--- START ---
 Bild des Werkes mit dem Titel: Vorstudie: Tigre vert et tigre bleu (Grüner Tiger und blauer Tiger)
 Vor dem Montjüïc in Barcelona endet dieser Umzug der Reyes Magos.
--- END ---
--- START ---
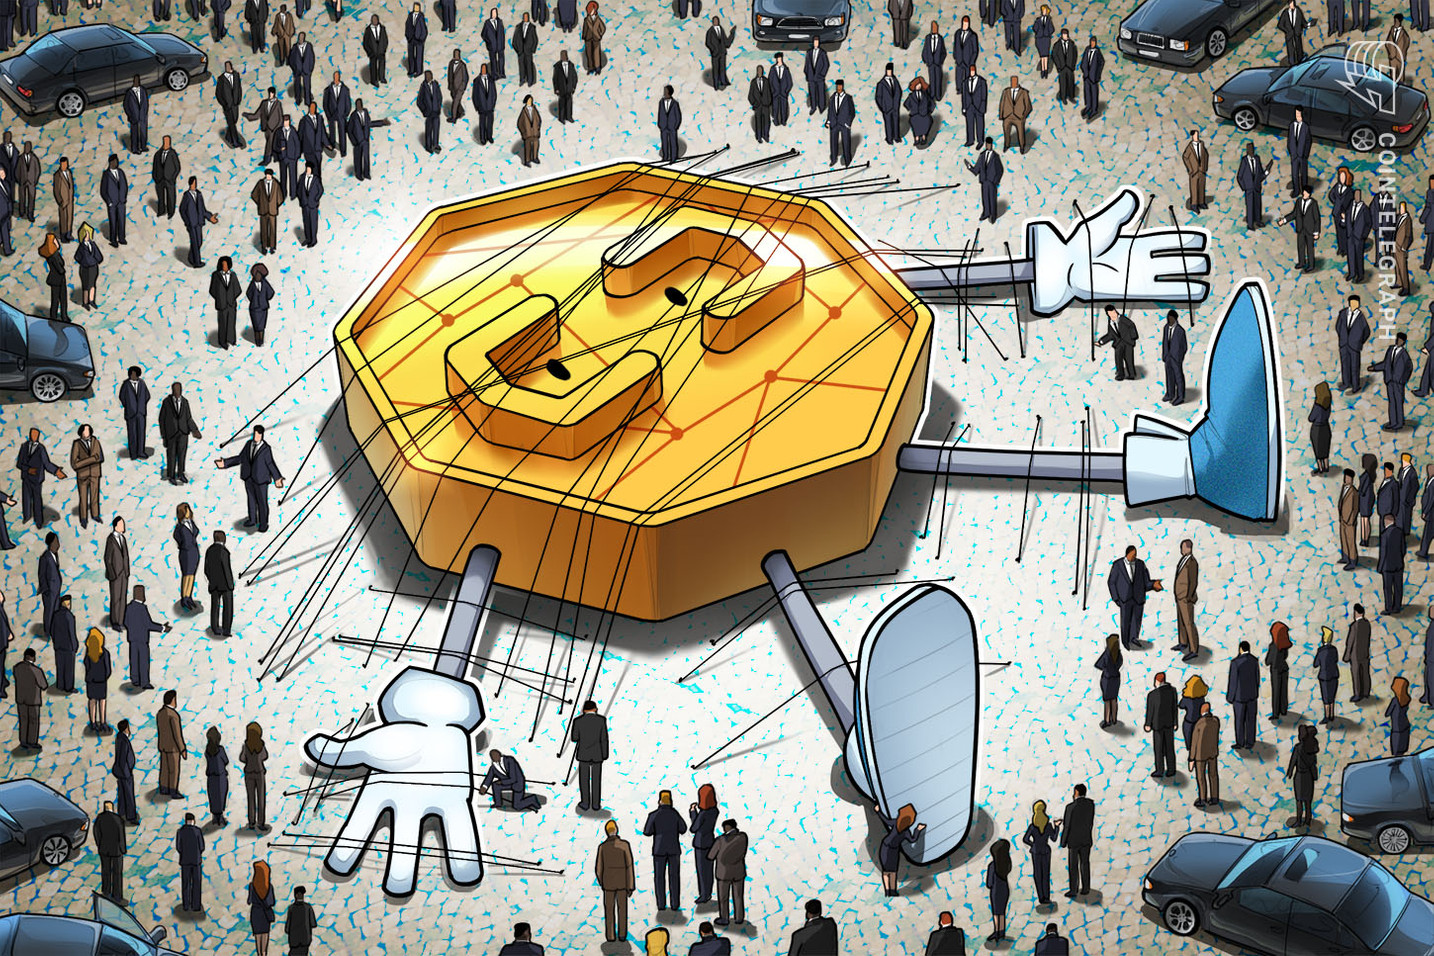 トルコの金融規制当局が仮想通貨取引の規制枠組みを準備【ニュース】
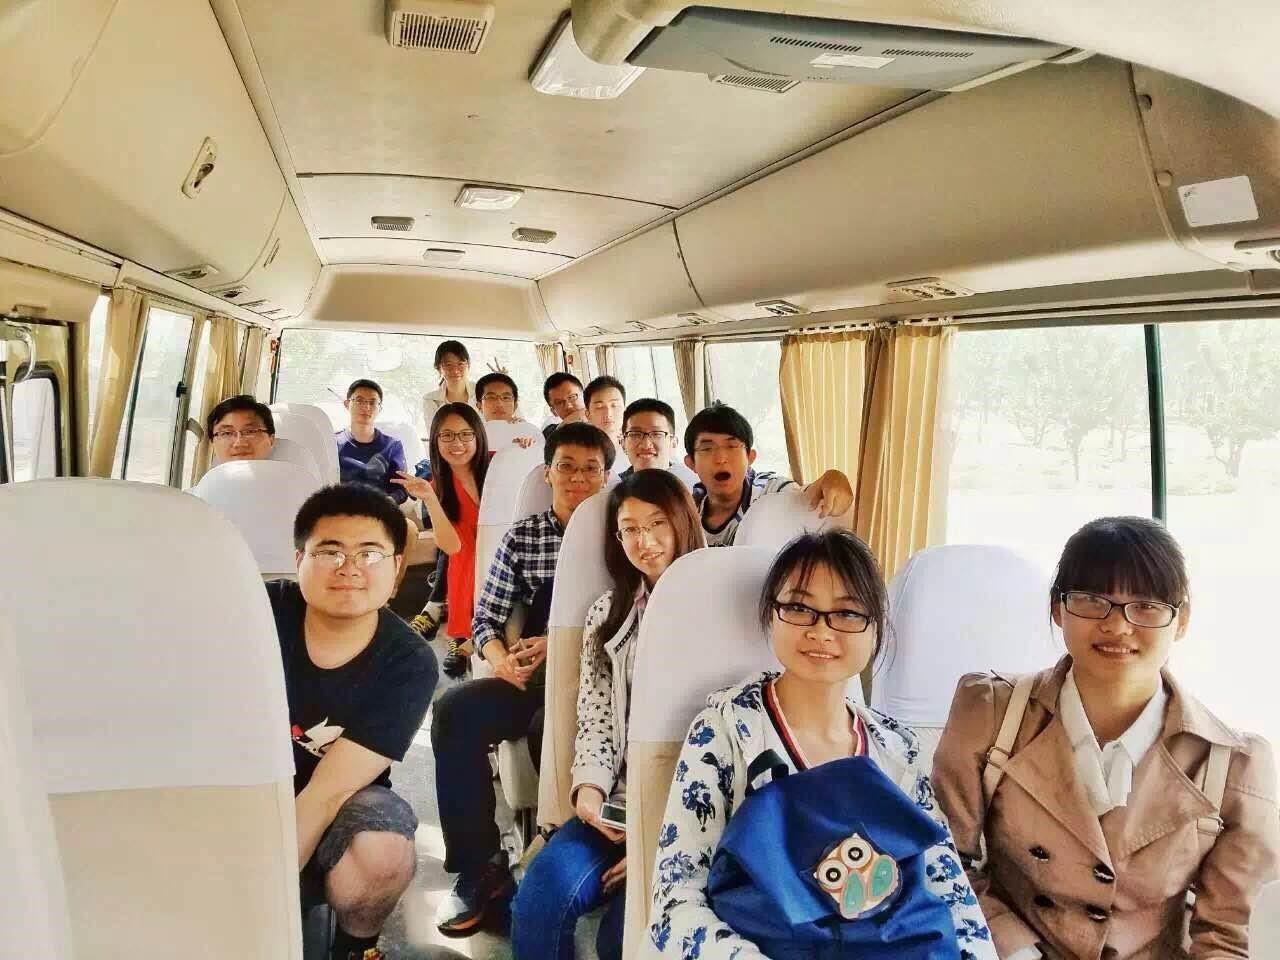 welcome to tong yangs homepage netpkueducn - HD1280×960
--- END ---
--- START ---
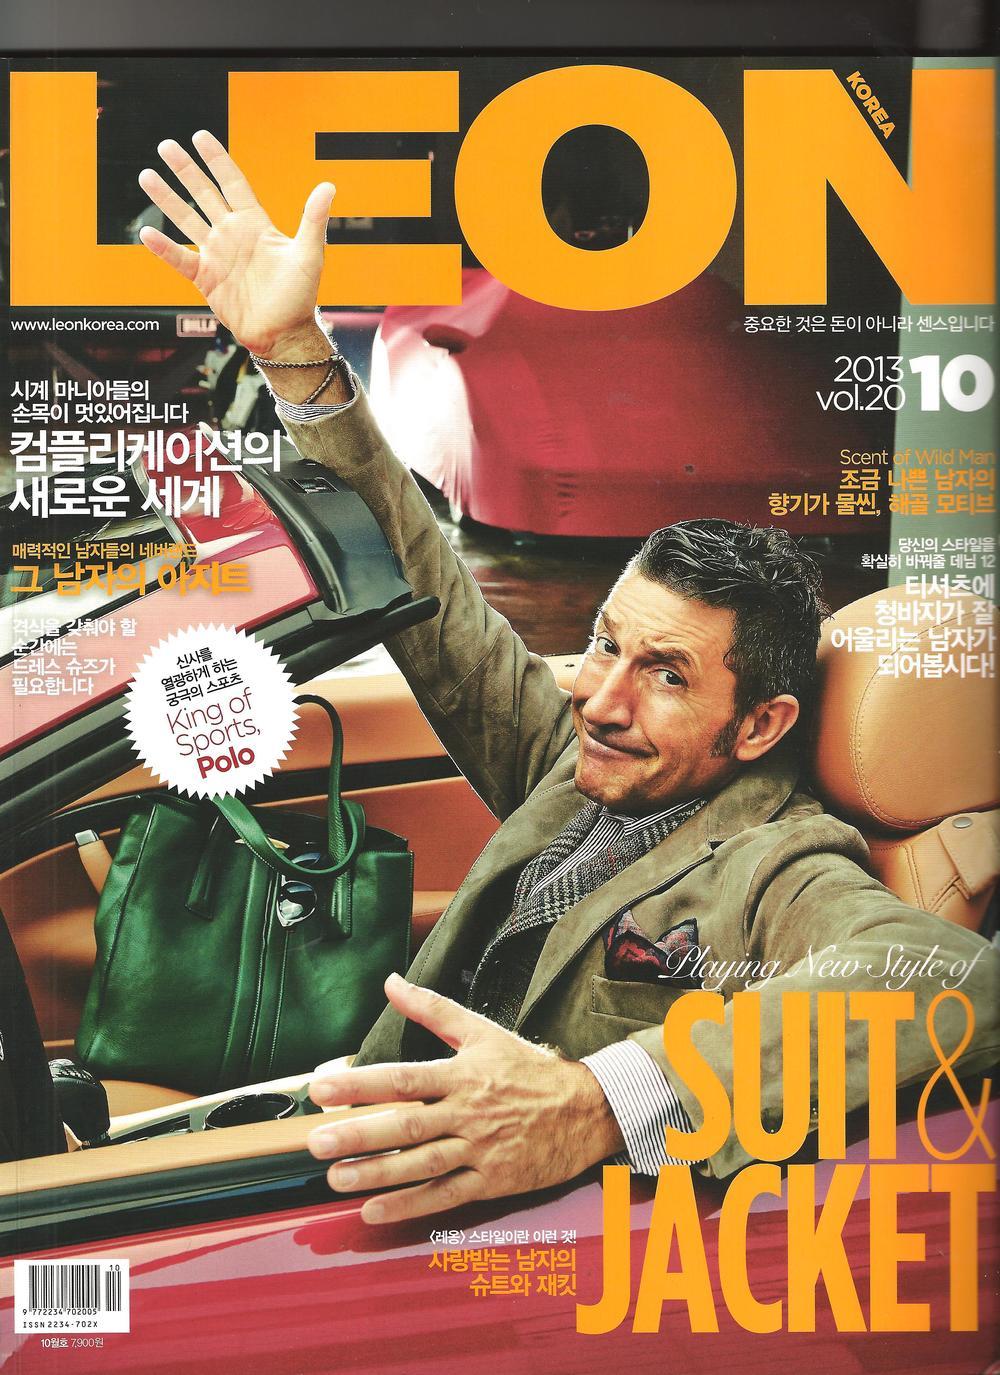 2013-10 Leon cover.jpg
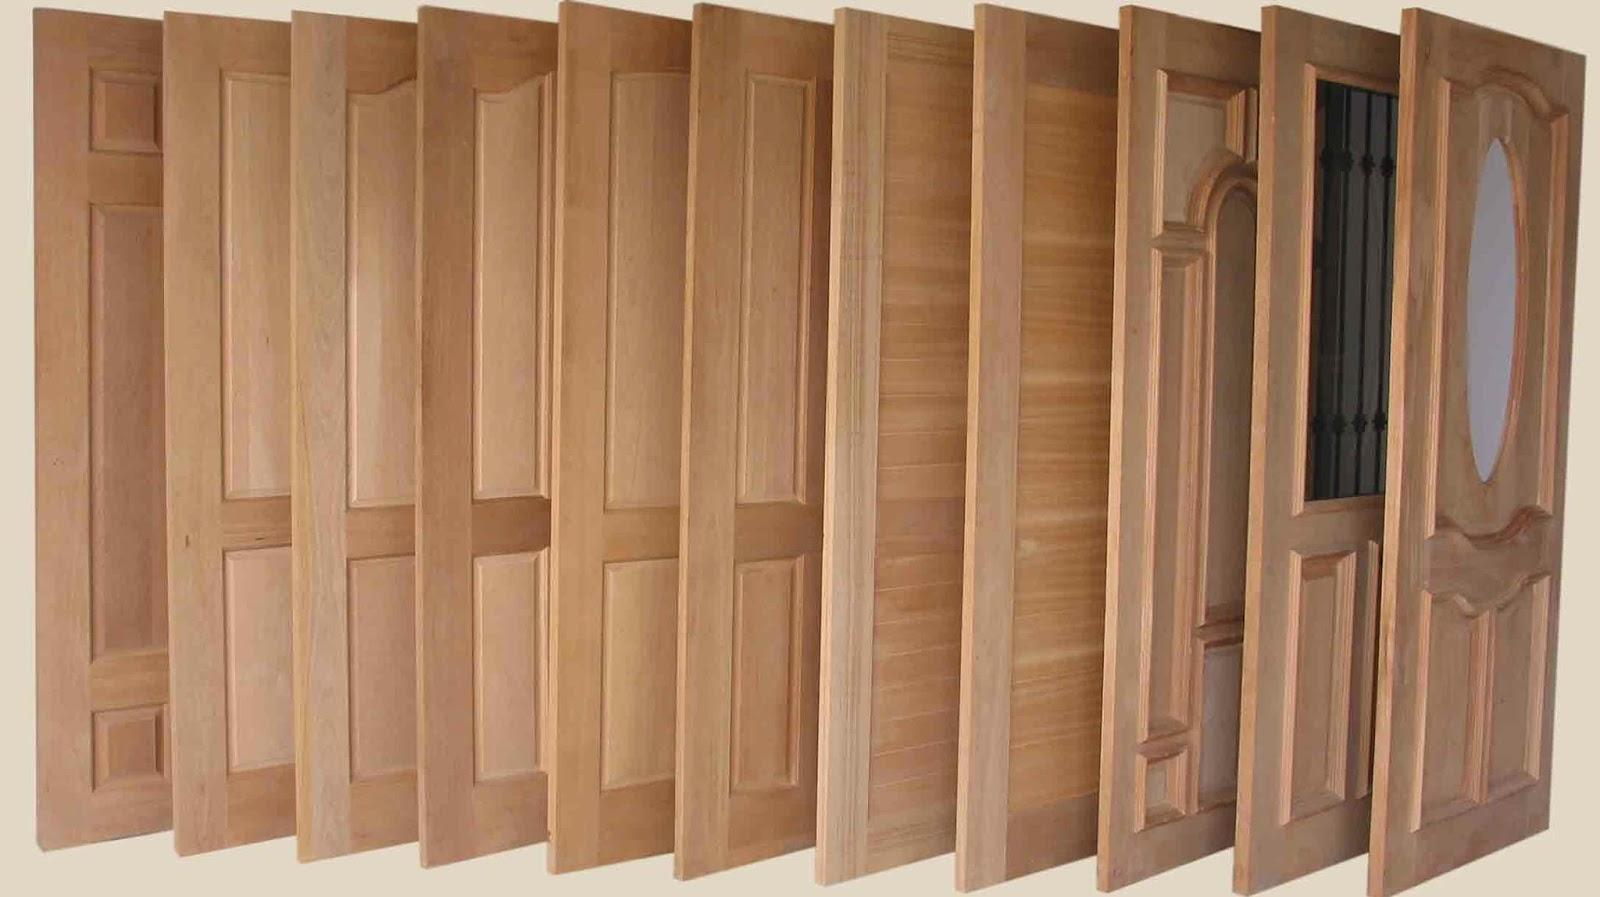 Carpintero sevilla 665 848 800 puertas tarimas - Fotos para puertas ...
--- END ---
[Problem details]
Only the lines above starting at the one containing "Bild des Werkes" and ending at the one containing "Vor dem Montjüïc", both included, are to be returned, exactly as they read.

[Result below]
 Bild des Werkes mit dem Titel: Vorstudie: Tigre vert et tigre bleu (Grüner Tiger und blauer Tiger)
 Vor dem Montjüïc in Barcelona endet dieser Umzug der Reyes Magos.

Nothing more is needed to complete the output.